Detaillierte Landnutzungskarten aus Satellitenbildern
Mit Hilfe von maschinellem Lernen können große Datenmengen interpretiert, Muster erkannt und Bilder schneller und genauer analysiert werden, als es ein Mensch je könnte. So lassen sich aus Satellitenbildern detaillierte Landnutzungskarten auf regionaler Ebene erstellen. Darüber hinaus können neue Bodenklassifizierungen erstellt werden, z.B. Karten von Gewächshausstandorten, Industrielagern oder alten Baumbeständen.
Naturnahe Lösungen bieten viele Vorteile gegenüber betonierten Infrastrukturen. Bisher gab es jedoch keine geeigneten Instrumente, um den Wert dieser Lösungen zu messen.
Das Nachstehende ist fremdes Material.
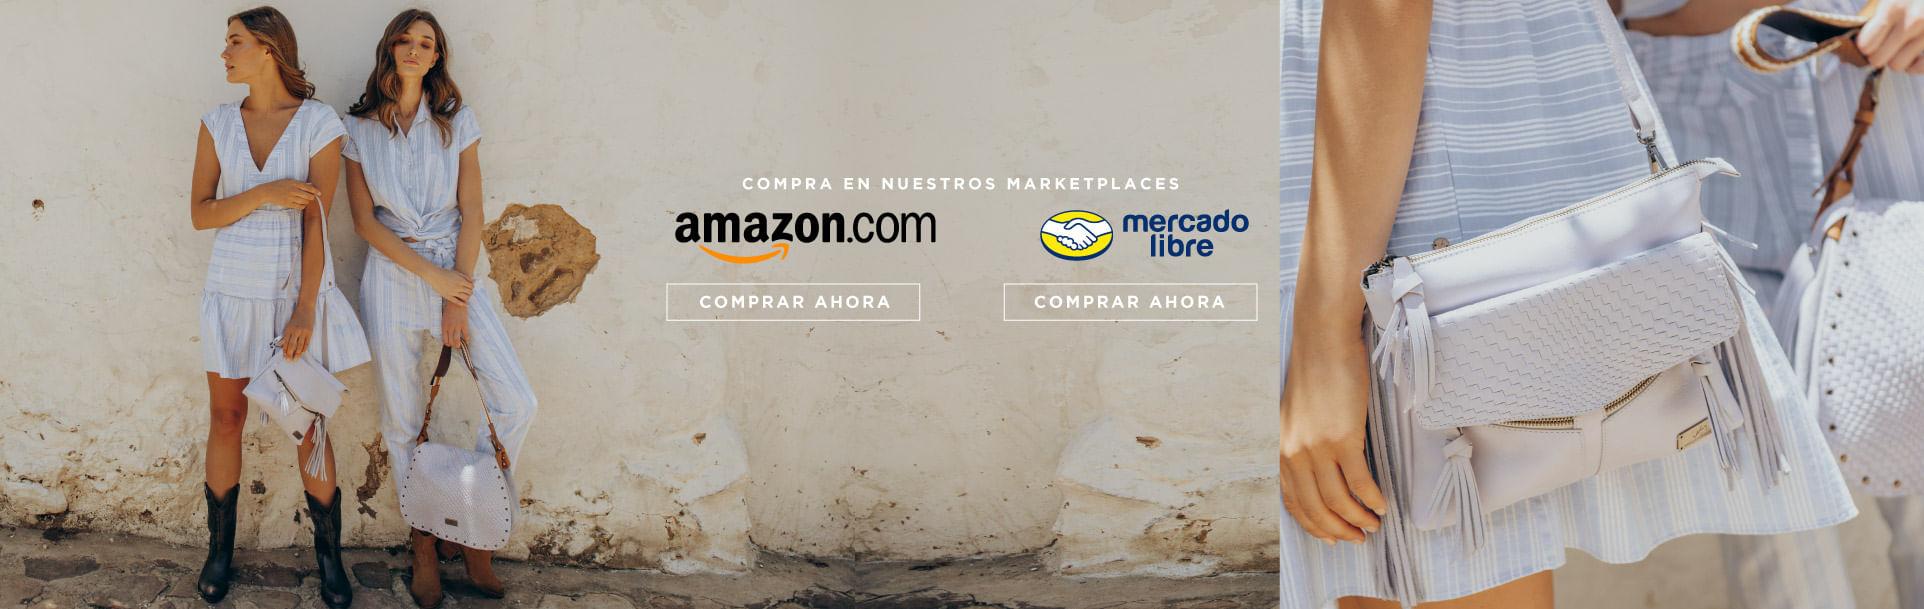 somos piel y lujo artesanal, conoce los mejores productos en cuero en México, puedes comprar online en Mercado Libre y Amazon

In Shanghai konnten wir mit Terrain zeigen, wie Parks und Grünflächen zur Minderung des Hochwasserrisikos genutzt werden können.
Die Anwendungsmöglichkeiten von Terrain sind vielfältig: Es kann Wasserversorgungsunternehmen bei der wirtschaftlichen Bewertung von Investitionen in grüne und blaue Infrastruktur unterstützen oder auch tragfähige Pläne für den Orbital Forest in Tirana entwickeln.